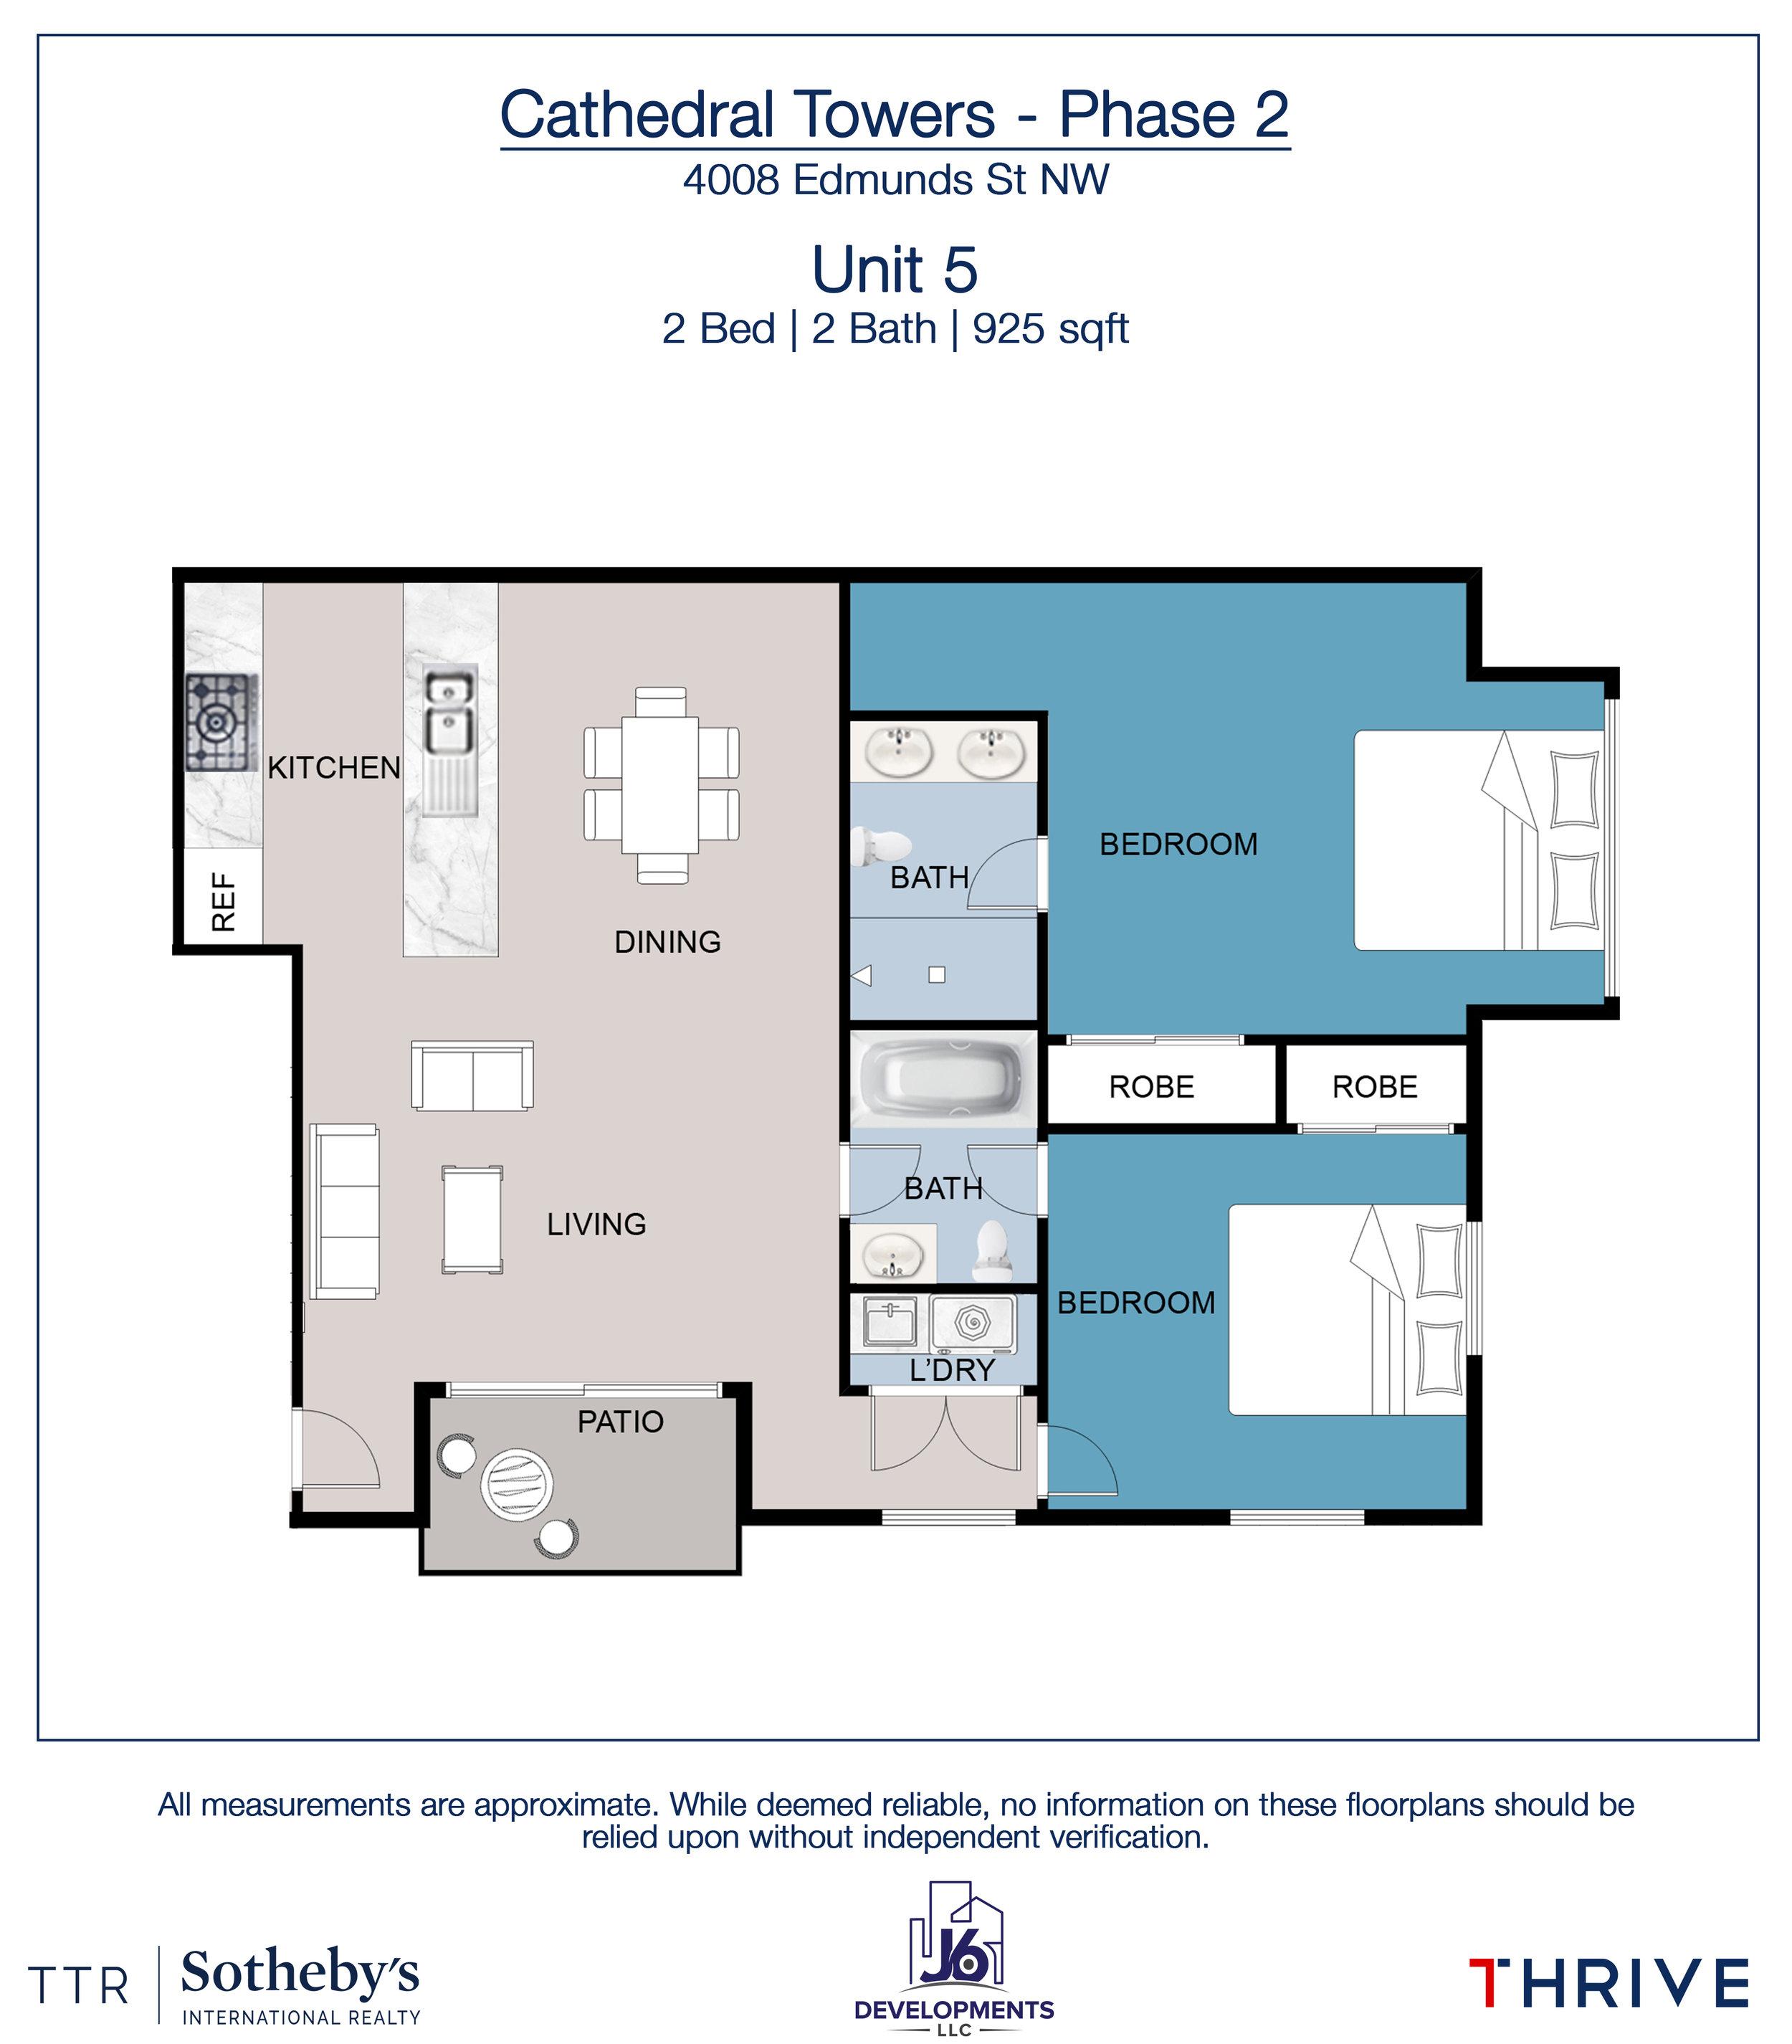 4008 Edmunds Unit 5 - Floorplan - 7.31.18.jpg
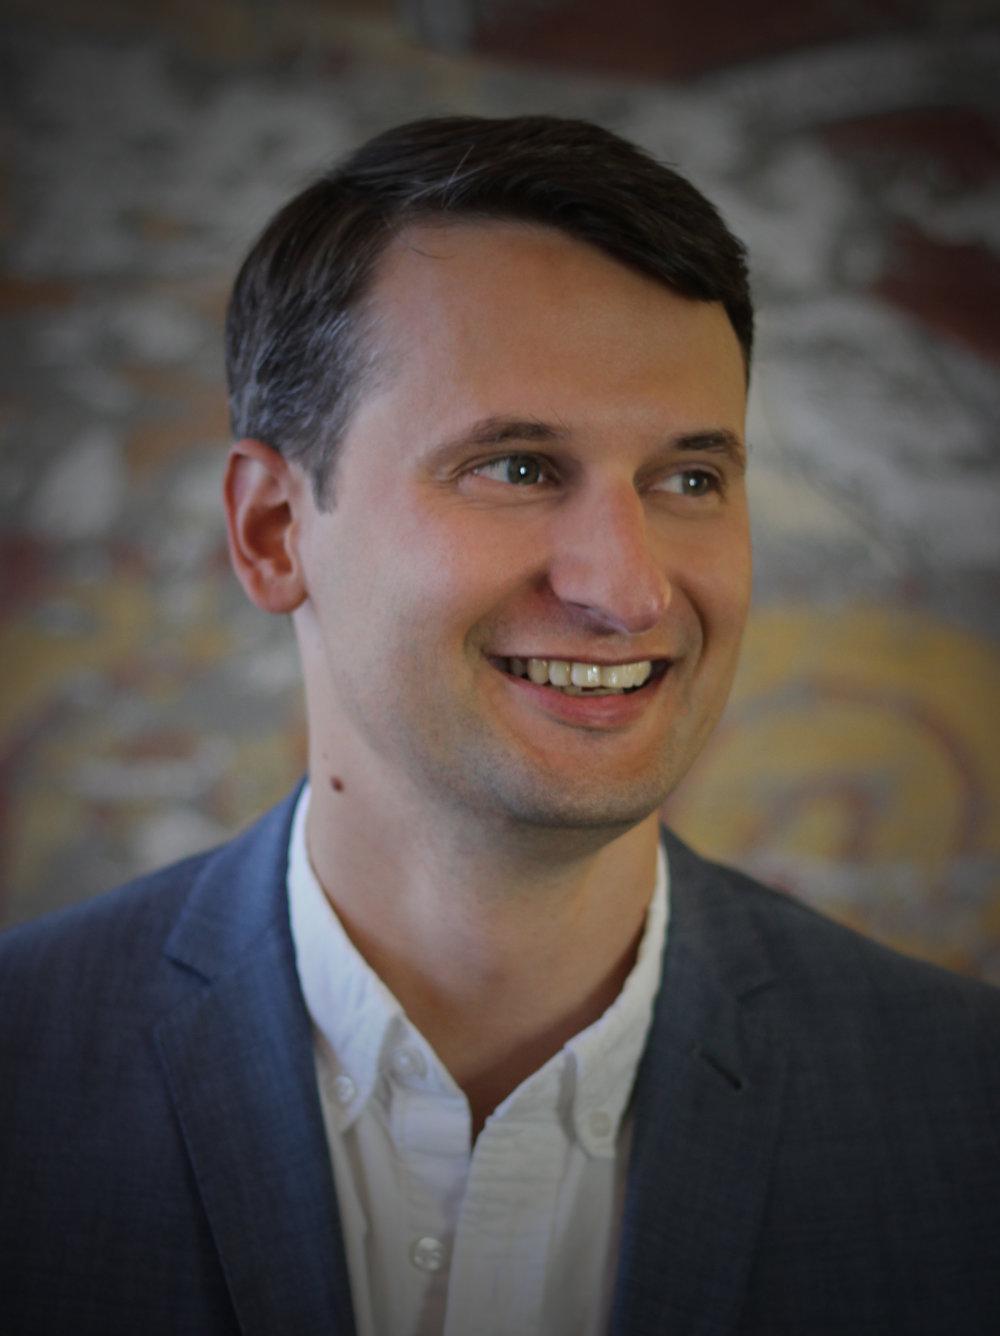 MICHAEL JUCKIEWICZ
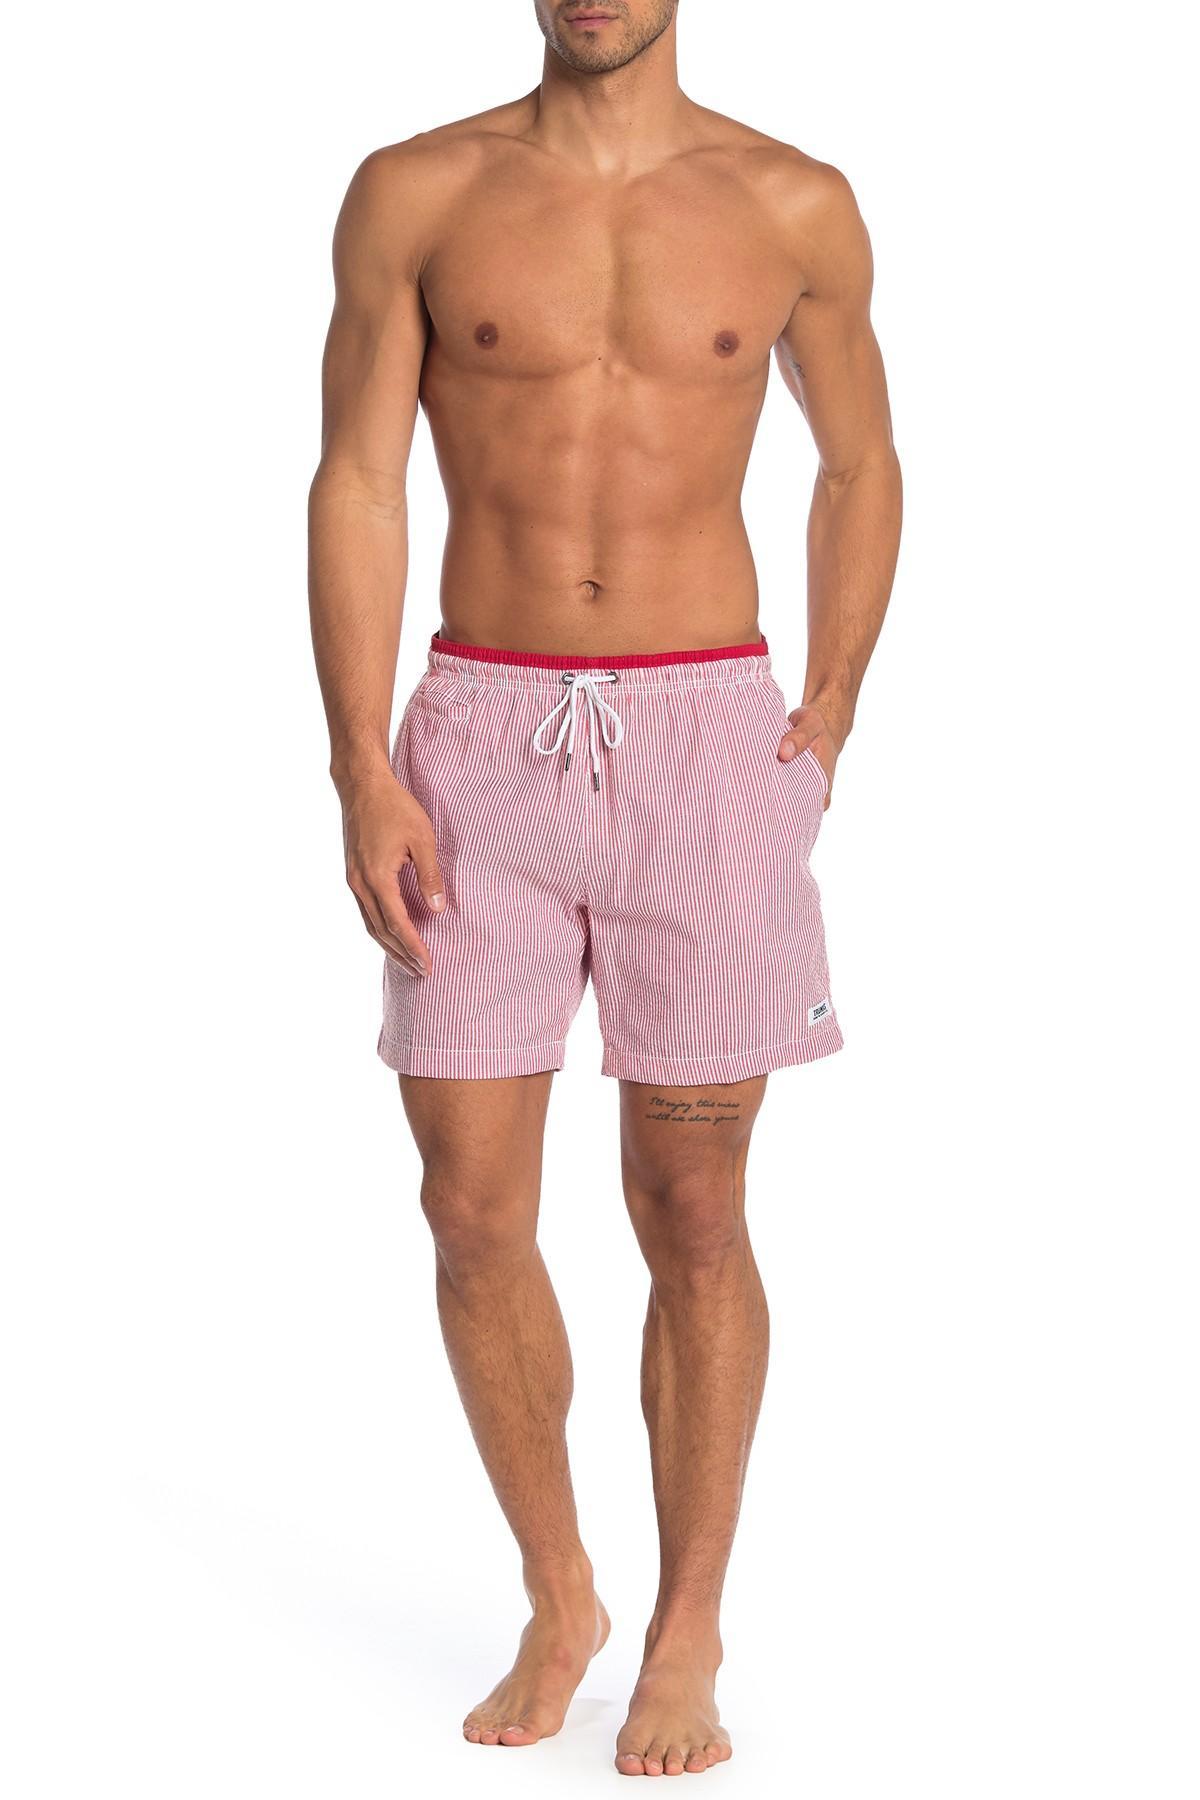 9964220955cde Lyst - TRUNKS SURF AND SWIM CO Premium Striped Sano Swim Shorts in ...

● Task directions:
Omit the pictures and write out exactly the lines from the one containing "MICHAEL JUCKIEWICZ" through the last line of the material.

● Written solution:
 MICHAEL JUCKIEWICZ
 9964220955cde Lyst - TRUNKS SURF AND SWIM CO Premium Striped Sano Swim Shorts in ...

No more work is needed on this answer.